The results are only partially correct.  The most correct seems to be the factory_status monitoring. Please see the factory_status.png. Registered cores is correctly showing 8, Running cores is correctly showing 6, unmatched  cores showing 2. So all the FE stats look like they are displaying correctly. However, the stats from the factory, Frunning cores, which should be 1 running glidein x 8 since GLIDIEN_CPUS is 8, is actually showing 9.
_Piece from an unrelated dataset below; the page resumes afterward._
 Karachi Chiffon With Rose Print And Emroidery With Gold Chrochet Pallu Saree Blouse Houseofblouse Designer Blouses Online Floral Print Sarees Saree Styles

Next, look at factory_stat_now.png. For UCSDSleep, it gets worse. Running cores is oddly only showing 1. Claimed cores is showing 2 instead of 6. unmatched cores is showing 0 instead of 2. Registered cores is showing 0 instead of 8.
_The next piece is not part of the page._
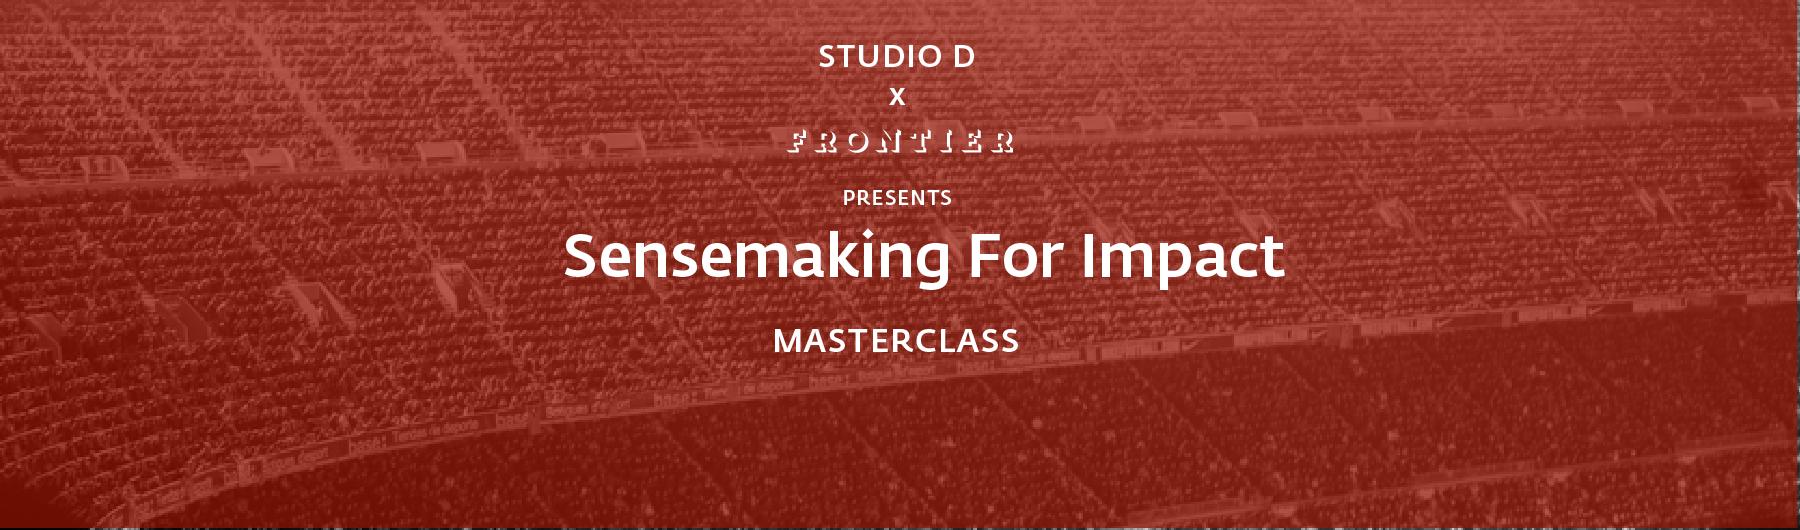 Sensemaking For Impact Masterclass, 31 March 2020, Toronto

I can assure from manual condor_q that we had one 8 core pilot running, and one idle 8 core pilot that hadn't started up et. It looks like the wrongly counted 9 for "Running cores" also made its way into the schedd_status.xml. The other numbers corresponding to registered, claimed, unmatched cores all look correct in the xml:
RunningCores="9" (should be 8)

rest ok:
CoresTotal="8" (registered)
CoresRunning="6" (claimed)
CoresIdle="2" (unmatched)

For completeness, I include this xml, the classad of the entry from the factory collector, output of entry_q along with the plot snapshots.
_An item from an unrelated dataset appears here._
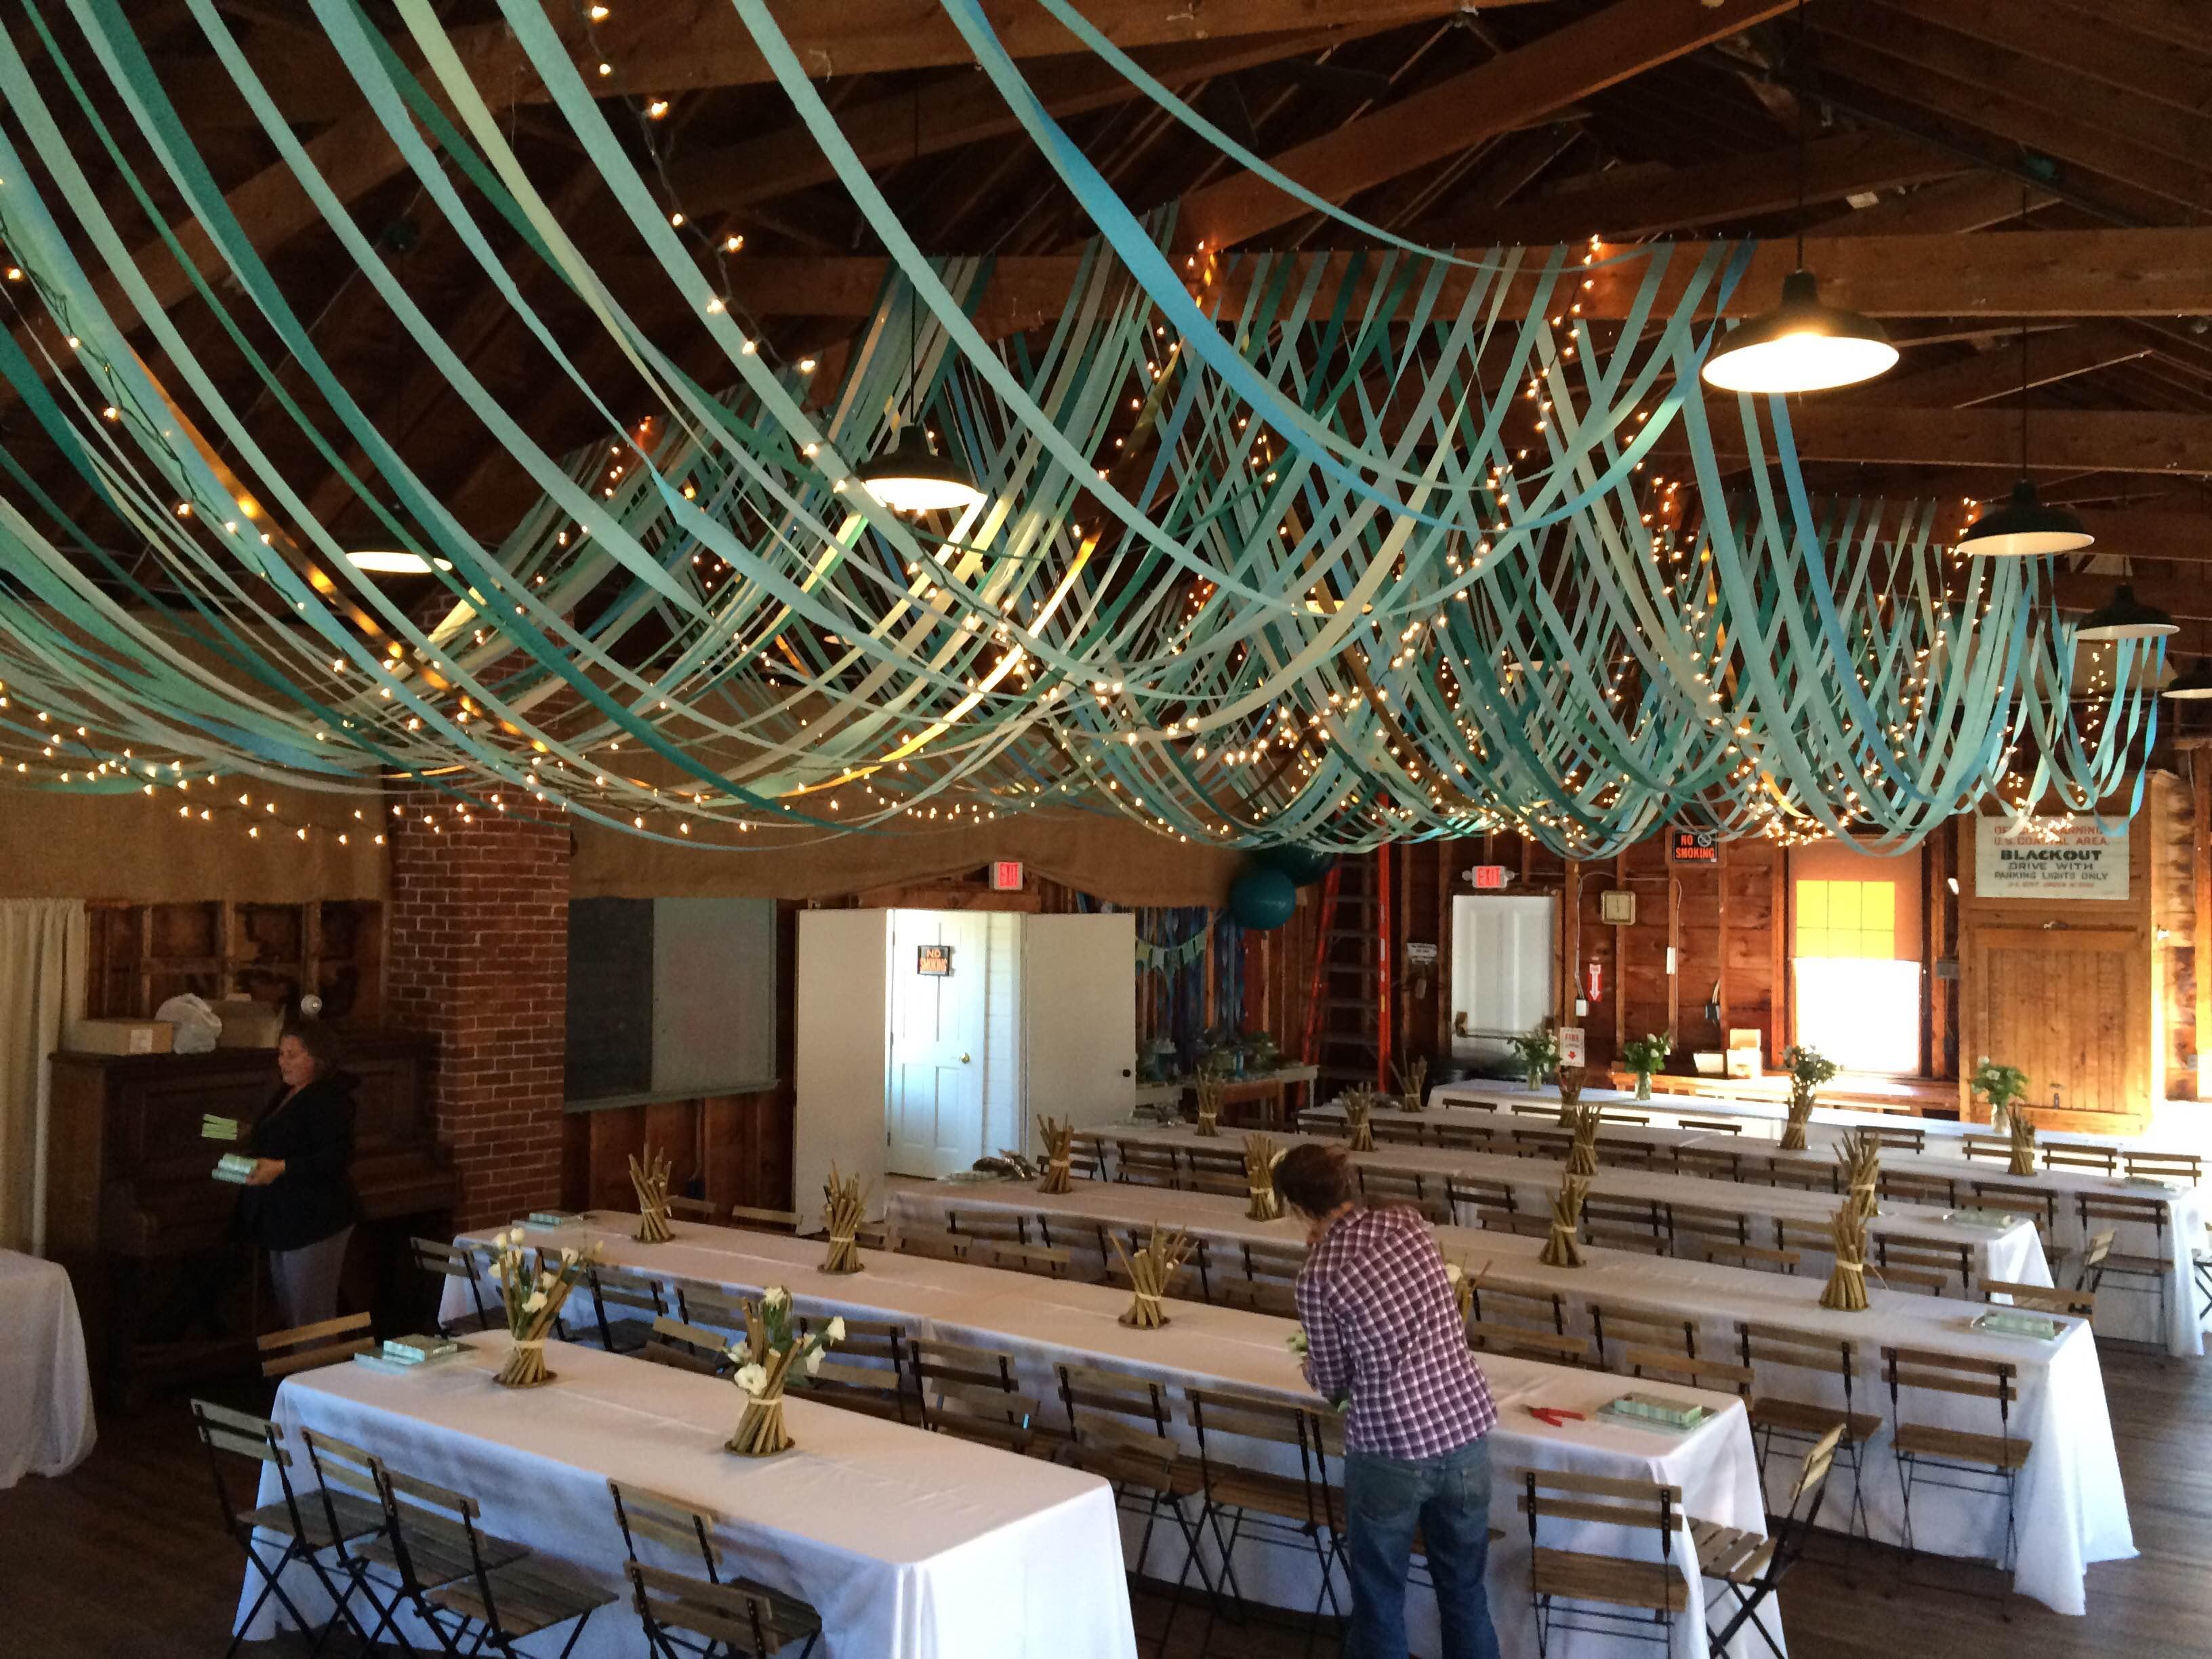 Hall decor oct 2015 2

I still have 2 more tests to try, submitting single core jobs to single core pilots, and submitting n core jobs to m core partitionable pilots, but I'd like to get your opinion on what's wrong with the above test before continuing.

Thanks,
Jeff

History

#1 Updated by Marco Mambelli over 1 year ago

The issue one (9 instead of 8) was a double counting of multicore pilots and has been fixed in branch v3/17825_2.
Issue 2, claimed and unmatched not counted correctly, is still to solve

#2 Updated by Marco Mambelli over 1 year ago

  • Status changed from New to Feedback
  • Assignee changed from Marco Mambelli to Dennis Box

Fix is in v3/18588
Changes fix the problem and improve the javascript code in creation/web_base/factoryStatusNow.html.

NOTE for THE FUTURE:
For this ticket the javascript rewriting was limited because we don't know if this code will stick around.
If the monitoring web pages will be kept long term the javascript code should be rewritten eliminating repetitions, making things more uniform and parametrized. Now the same hardcoded numbers are repeated in several parts of the code and instead of using functions the same tasks are implemented in different parts of the code in the same or different ways.
Linting should also be applied and suggestions carefully implemented (there are dynamic callbacks)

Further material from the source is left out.